Today it was the "community conference" at the law school, that most wonderful of days, on which we all come together to bitch and moan about minor inconveniences and then do absolutely nothing about it. :/

SO...I stayed home. I slept in, I went to the gym, and The Wiggles and I headed down to the beach to enjoy the glorious weather 

Pics:


----------



## BoxerParty (Nov 9, 2011)




----------



## BoxerParty (Nov 9, 2011)




----------



## BoxerParty (Nov 9, 2011)




----------



## xellil (Apr 4, 2011)

That looks like alot more fun than sitting around grouching! I love the one of them walking on the log.


----------



## xchairity_casex (Oct 8, 2011)

teehee the wiggles!
great pics! glad you had a good time instead of subjecting yourself to what sounds like a miserable time


----------



## Makovach (Jan 24, 2012)

Your dogs are looking so good!

And they are nothing short of adorable!!!!!!

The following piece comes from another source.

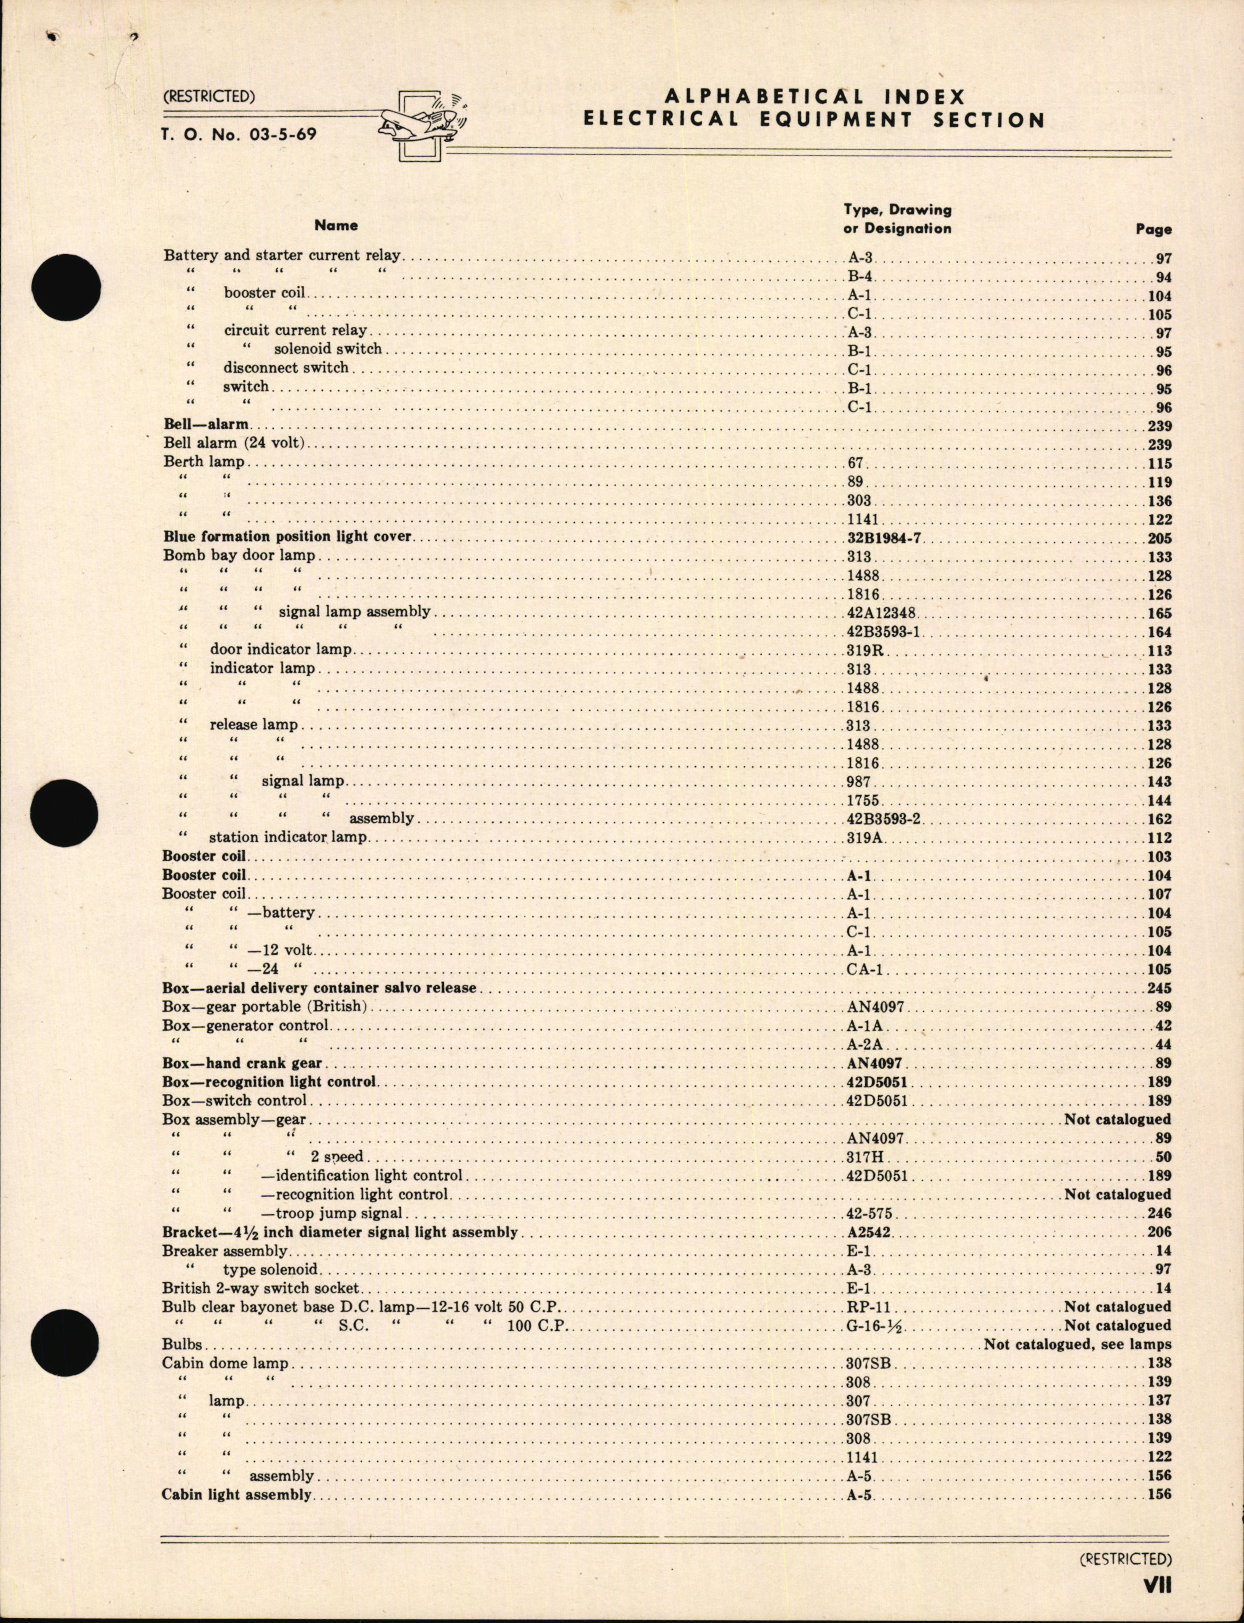 Sample page 7 from AirCorps Library document: Index of Army-Navy Aeronautical Equipment - Electrical
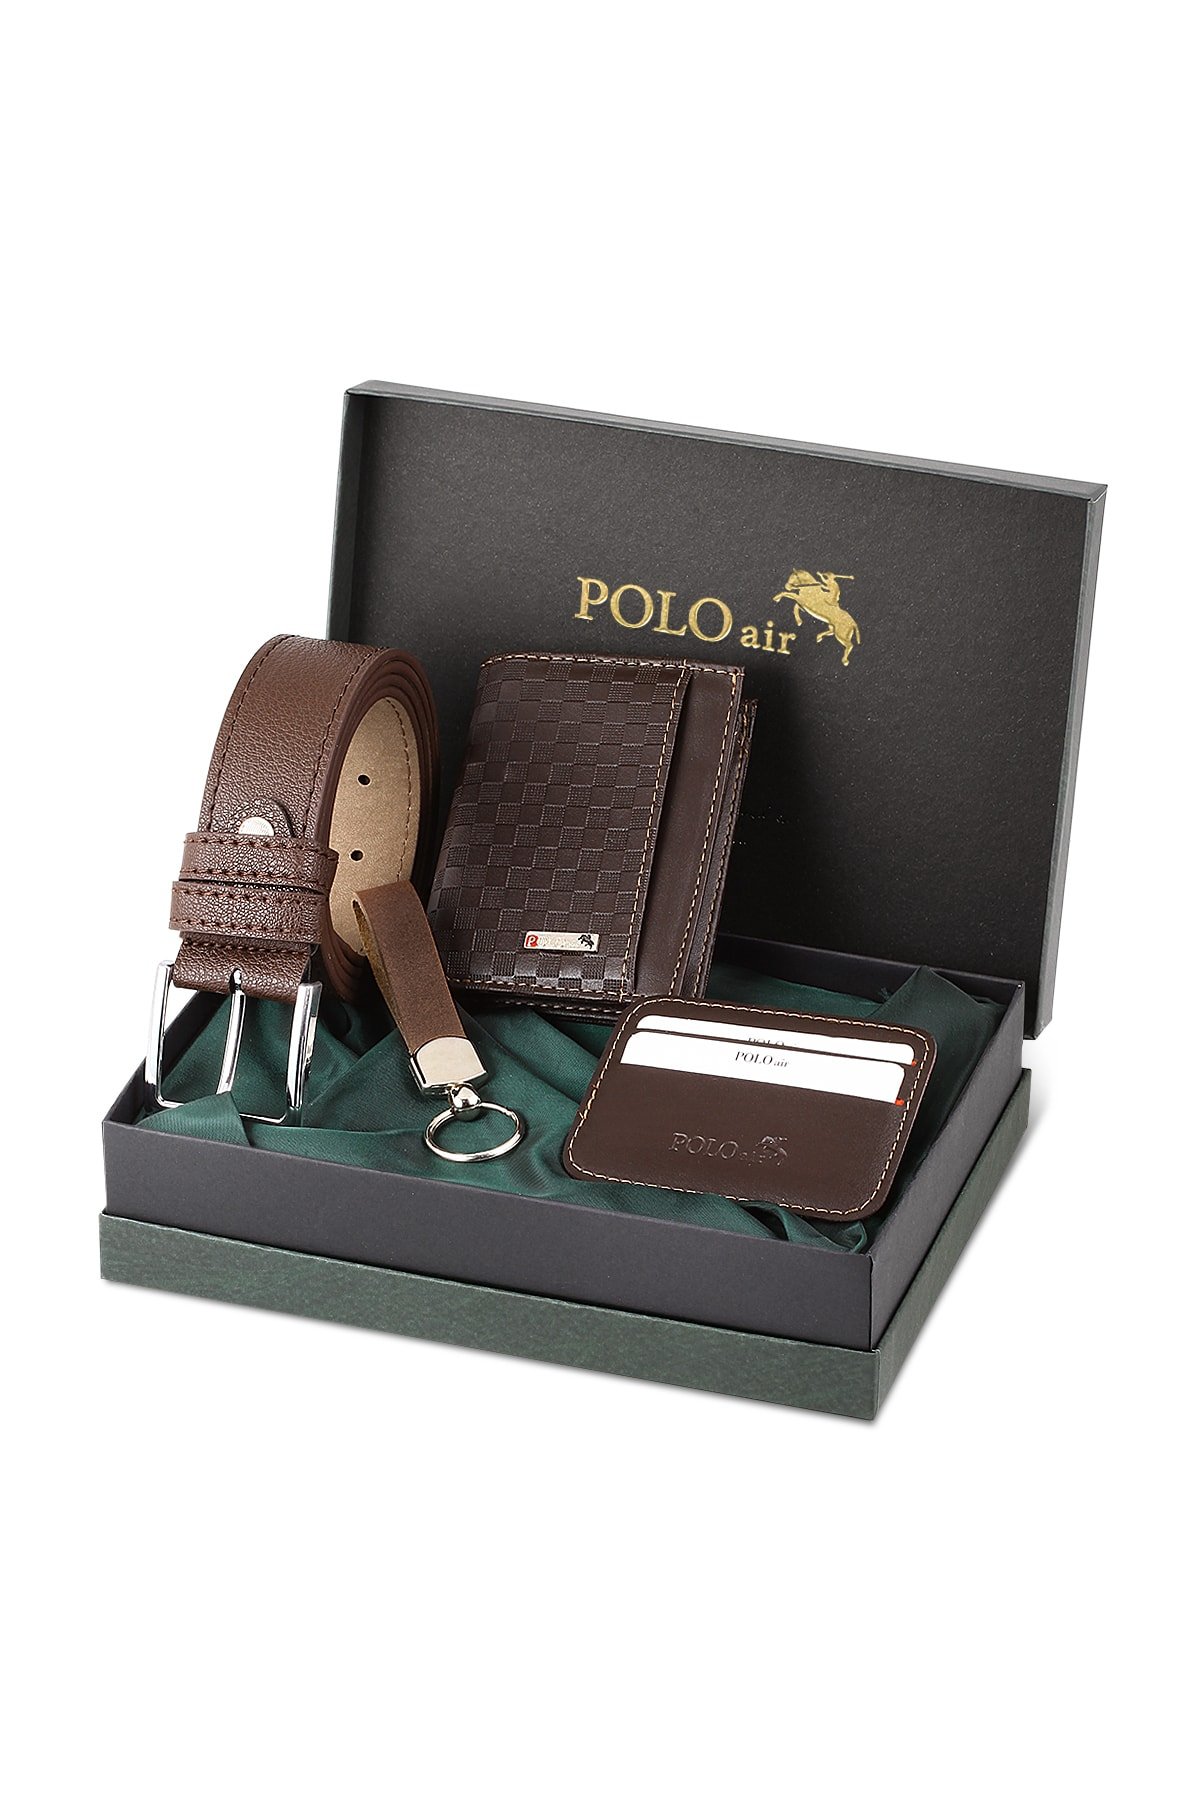 Polo Air Checkerboard Pattern Wallet It Makes It Own Card Holder Belt Keychain Combine Combination Brown Set.

Def. would opt out for a day with the poochies on a day like that!


----------



## hmbutler (Aug 4, 2011)

naww your kids are so cute!! I want boxers!! (and great danes, and doxies, and maybe a collie or two)


----------



## lovemydogsalways (Mar 4, 2012)

Your dogs are so adorable. Much funner than sitting in a conference.


----------